Balanced Budget Multiplier

In Keynesian models, equal increases in government spending and taxes raise output by exactly the spending increase.

The balanced budget multiplier is the change in output (Y) caused by a fiscal package where government spending and taxes rise by the same amount ((\Delta G = \Delta T)). In a simple Keynesian model, that package raises output by exactly the spending increase, so the multiplier is 1.

Model Logic (A Simple Derivation)

In a stripped-down goods-market model:

[ Y = C + I + G ]

with a consumption function:

[ C = a + b(Y - T) ]

where (b) is the marginal propensity to consume (MPC), (0 < b < 1).

Holding (I) fixed and taking changes:

[ \Delta Y = \Delta C + \Delta G ]

and

[ \Delta C = b(\Delta Y - \Delta T) ]

Substitute:

[ \Delta Y = b(\Delta Y - \Delta T) + \Delta G ]

Solve for (\Delta Y):

[ \Delta Y = \frac{1}{1-b}(\Delta G - b\Delta T) ]

If (\Delta G = \Delta T), then:

[ \Delta Y = \Delta G ]

So the balanced budget multiplier is 1 under these assumptions.

When The Multiplier Is Not 1

The “equals 1” result is model-dependent.
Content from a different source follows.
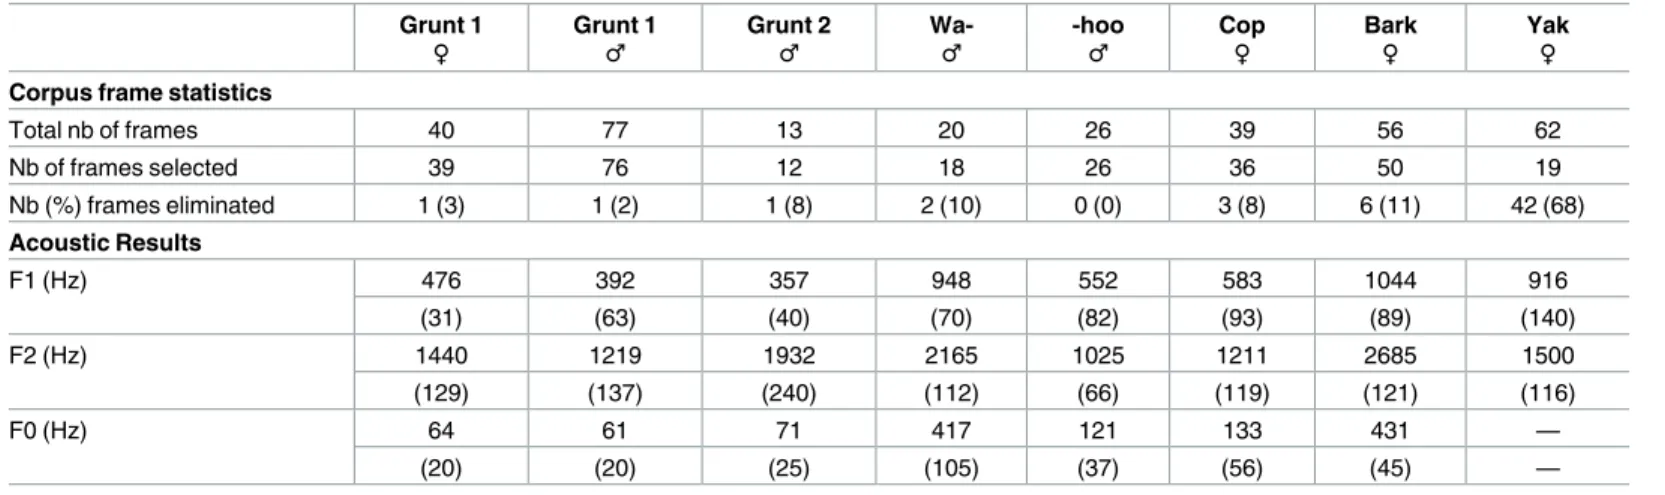 Table 2. Corpus frame statistics and acoustic results.
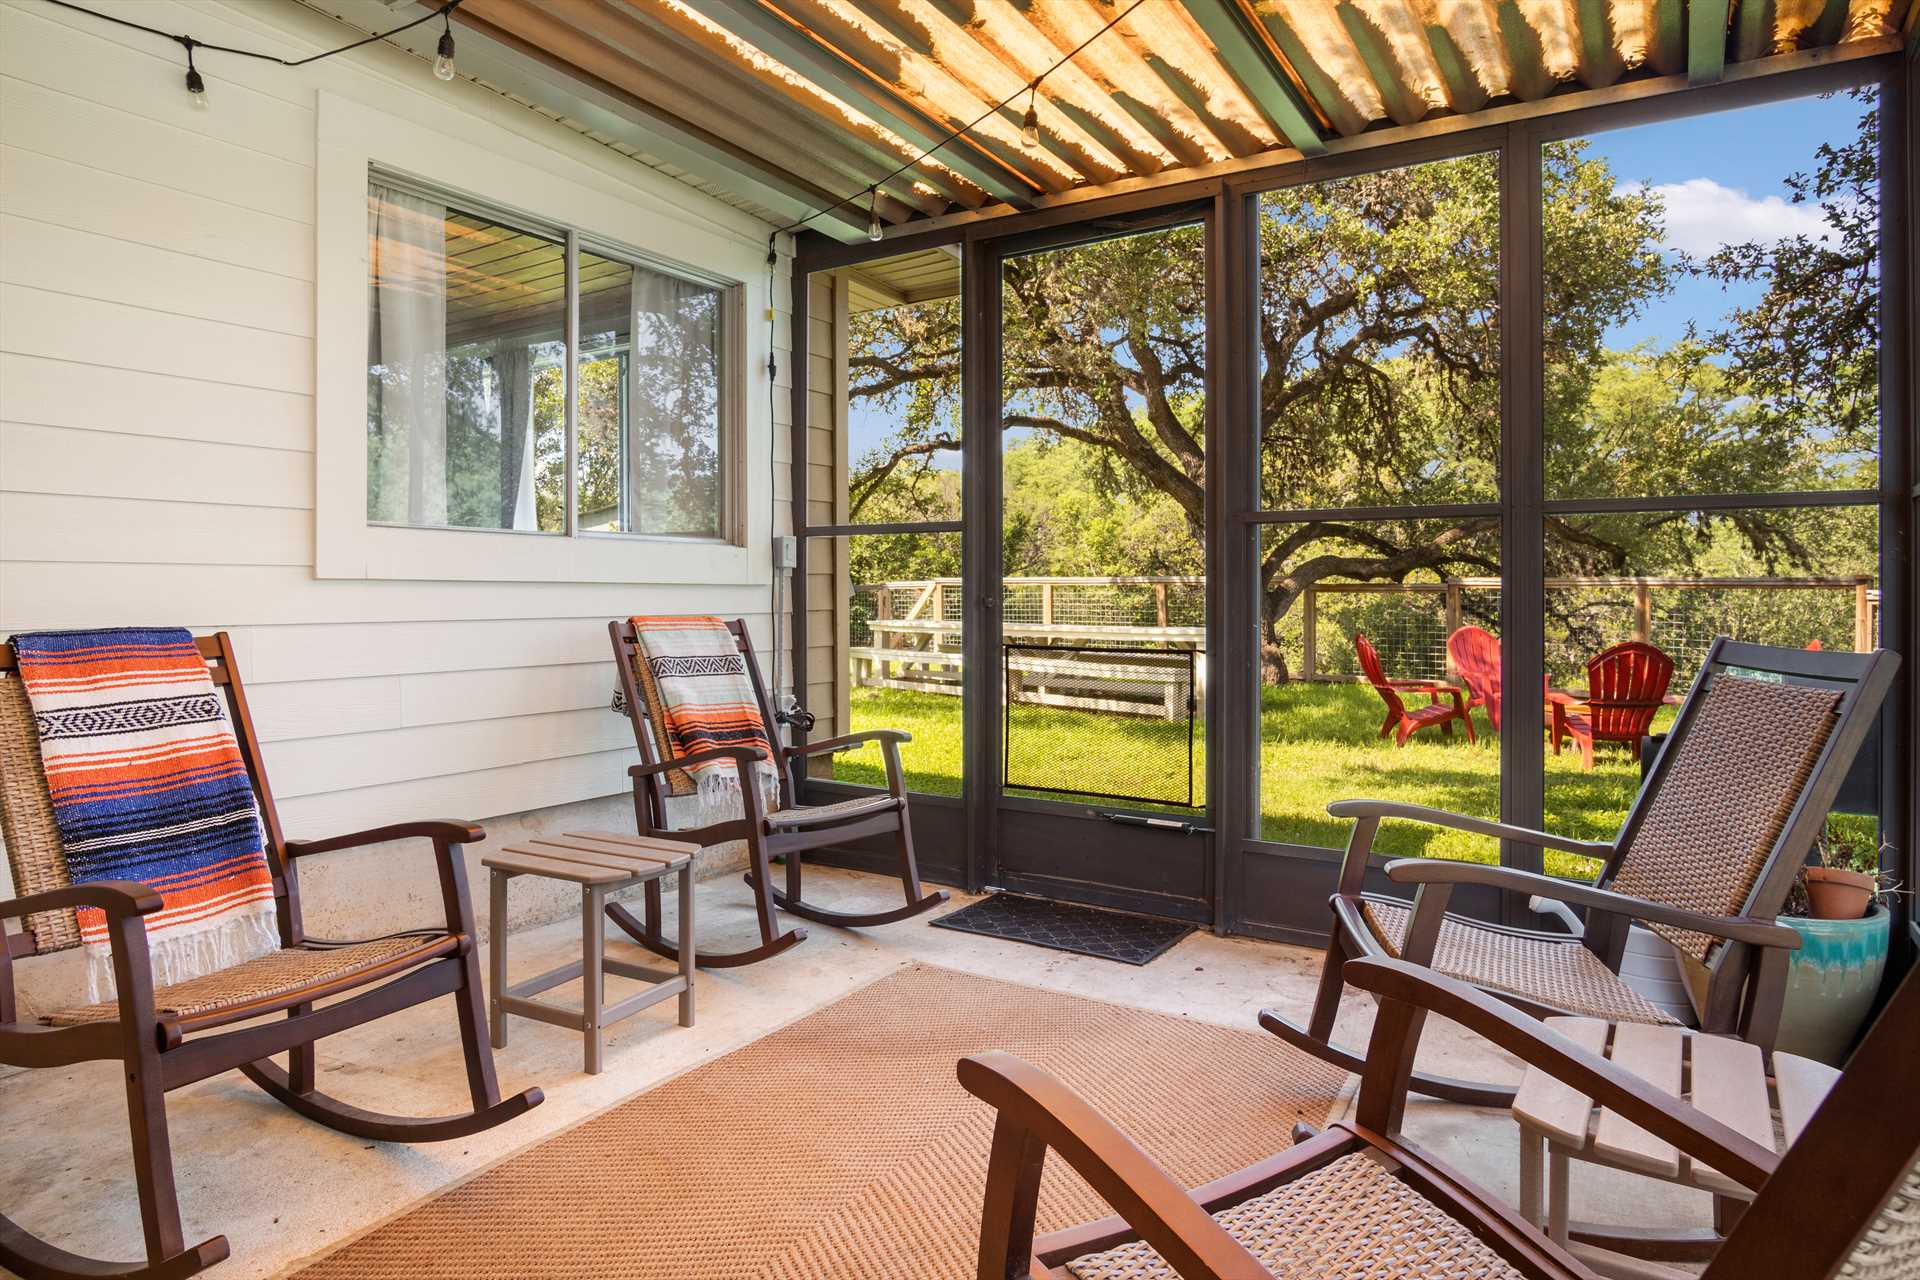                                                 Enjoy a relaxing moment on a rocking chair in the cool breezes of the shaded and screened patio!

In practice, it can be smaller (or even ambiguous) if:

  • taxes are distortionary (so (\Delta T) changes behavior more than the simple MPC channel),
  • imports rise with income (leakage from domestic demand),
  • interest rates rise and crowd out private spending,
  • the economy is supply constrained (higher demand becomes inflation instead of output).

Policy Context

Balanced-budget expansions sometimes appear in debates about fiscal discipline: they promise stimulus without a larger deficit. But they can still redistribute resources and may be harder to implement politically because they combine spending increases with tax increases.